Individualized Cybersecurity Research Mentoring (iMentor) Workshop 2023

Title: IoTFlow the Making-Of: Inferring IoT Device Behavior at Scale through Static Mobile Companion App Analysis

Abstract: The number of “smart” devices, that is, devices making up the Internet of Things (IoT), is steadily growing. They suffer from vulnerabilities just as other software and hardware. Automated analysis techniques can detect and address weaknesses before attackers can misuse them. Applying existing techniques or developing new approaches that are sufficiently general is challenging though. Contrary to other platforms, the IoT ecosystem features various software and hardware architectures.

We introduce IoTFlow, a new static analysis approach for IoT devices that leverages their mobile companion apps to address the diversity and scalability challenges. IoTFlow combines Value Set Analysis (VSA) with more general data-flow analysis to automatically reconstruct and derive how companion apps communicate with IoT devices and remote cloud-based backends, what data they receive or send, and with whom they share it. We analyzed 9,889 manually verified companion apps with IoT-Flow to understand and characterize the current state of security and privacy in the IoT ecosystem. We discovered various IoT security and privacy issues, such as abandoned domains, hard-coded credentials, expired certificates, and sensitive personal information being shared.

In this work I will talk about the making-of of the IoTFlow paper, from its overall inception, through various iterations and revisions until we now finally will present it at ACM CCS 2023.

Bio: Martina Lindorfer is an associate professor at TU Wien, which she joined at the end of 2018, and a key researcher at SBA Research, the largest research center in Austria which exclusively addresses information security. She received her PhD from TU Wien in 2016 and spent two years as a postdoc at the University of California, Santa Barbara. Her research and outreach activities have been recognized with the ERCIM Cor Baayen Young Researcher Award, the ACM CyberW Early Career Award for Women in Cybersecurity Research, as well as the Hedy Lamarr Award from the City of Vienna.

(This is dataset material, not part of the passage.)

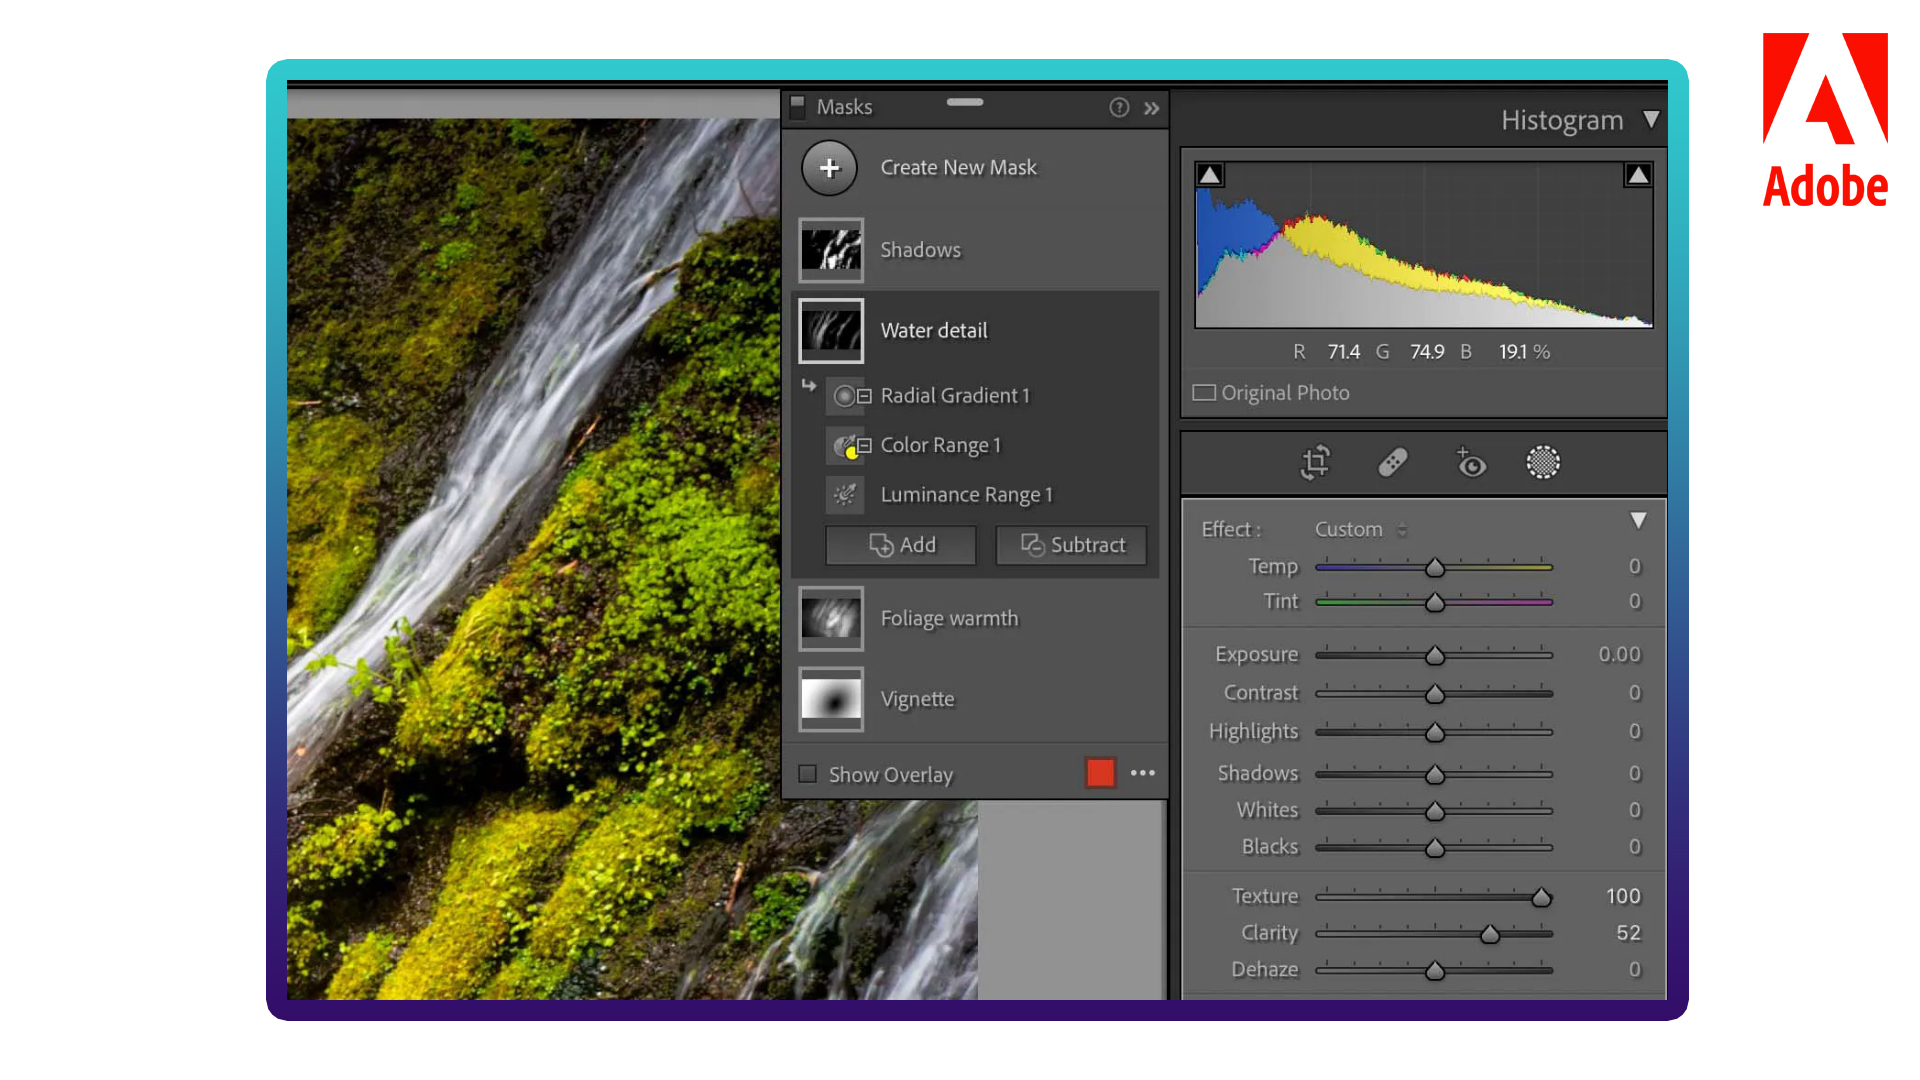 Adobe Camera Raw เพิ่มความสามารถเลือกแต่งภาพเฉพาะส่วนในฟีเจอร์ Masking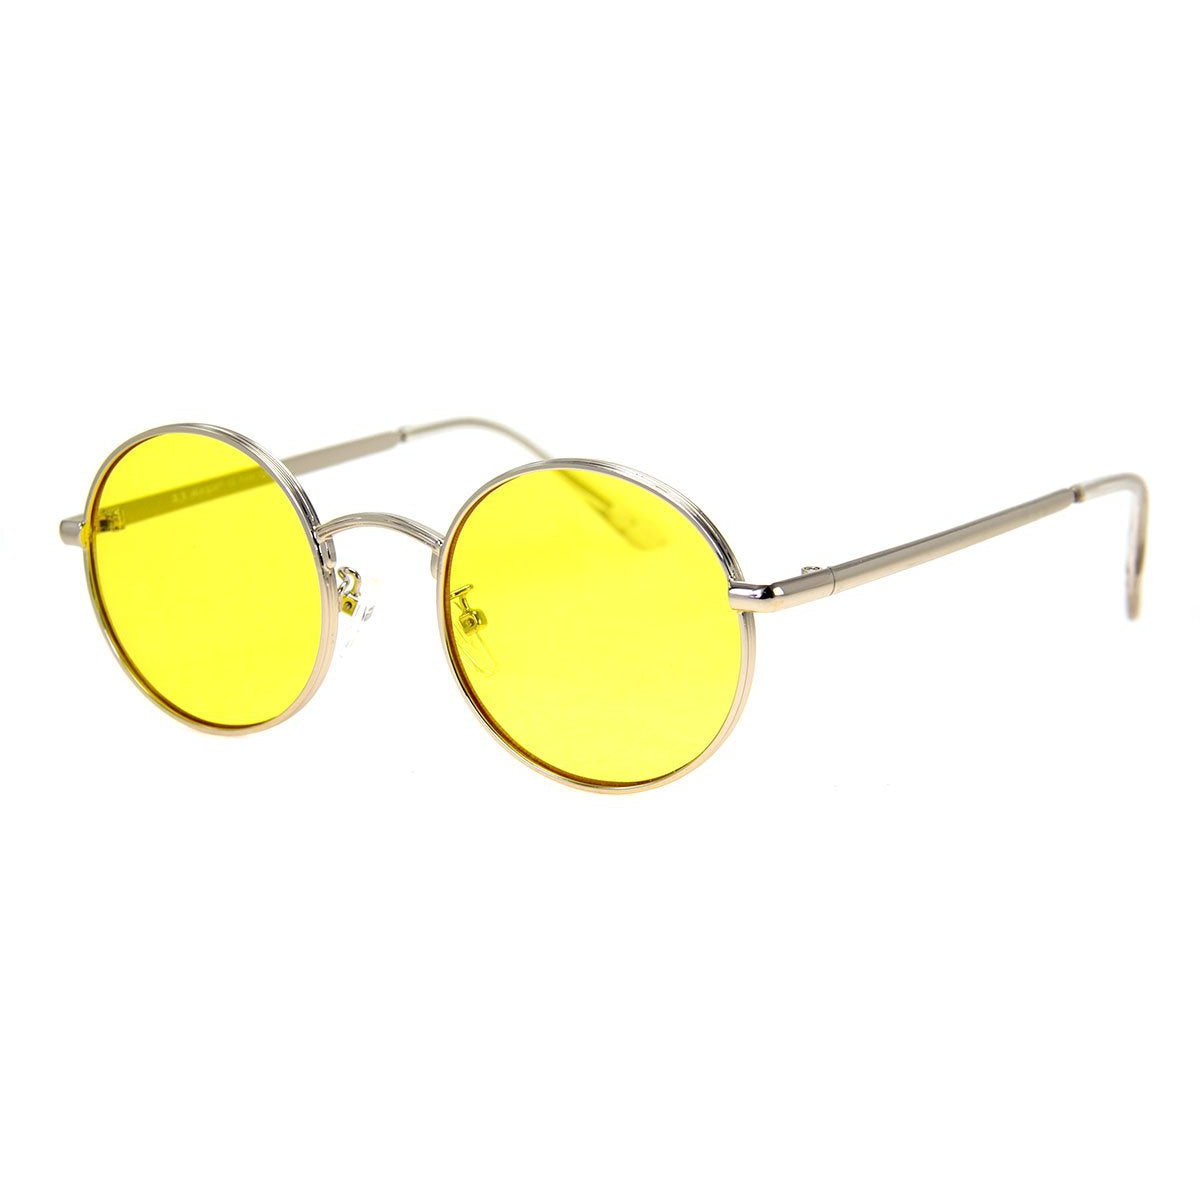 Aleko Sunglasses - Silver/Yellow

Her research focuses on applied systems security and privacy, with a special interest in automated static and dynamic analysis techniques for the large-scale analysis of applications for malicious behavior, security vulnerabilities, and privacy leaks. Building on her background on malware analysis, she currently focuses on the analysis of mobile apps to enable transparency and accountability in the way they process and share private information. The resulting tools help uncover new and unexpected ways in which apps are violating users' privacy expectations.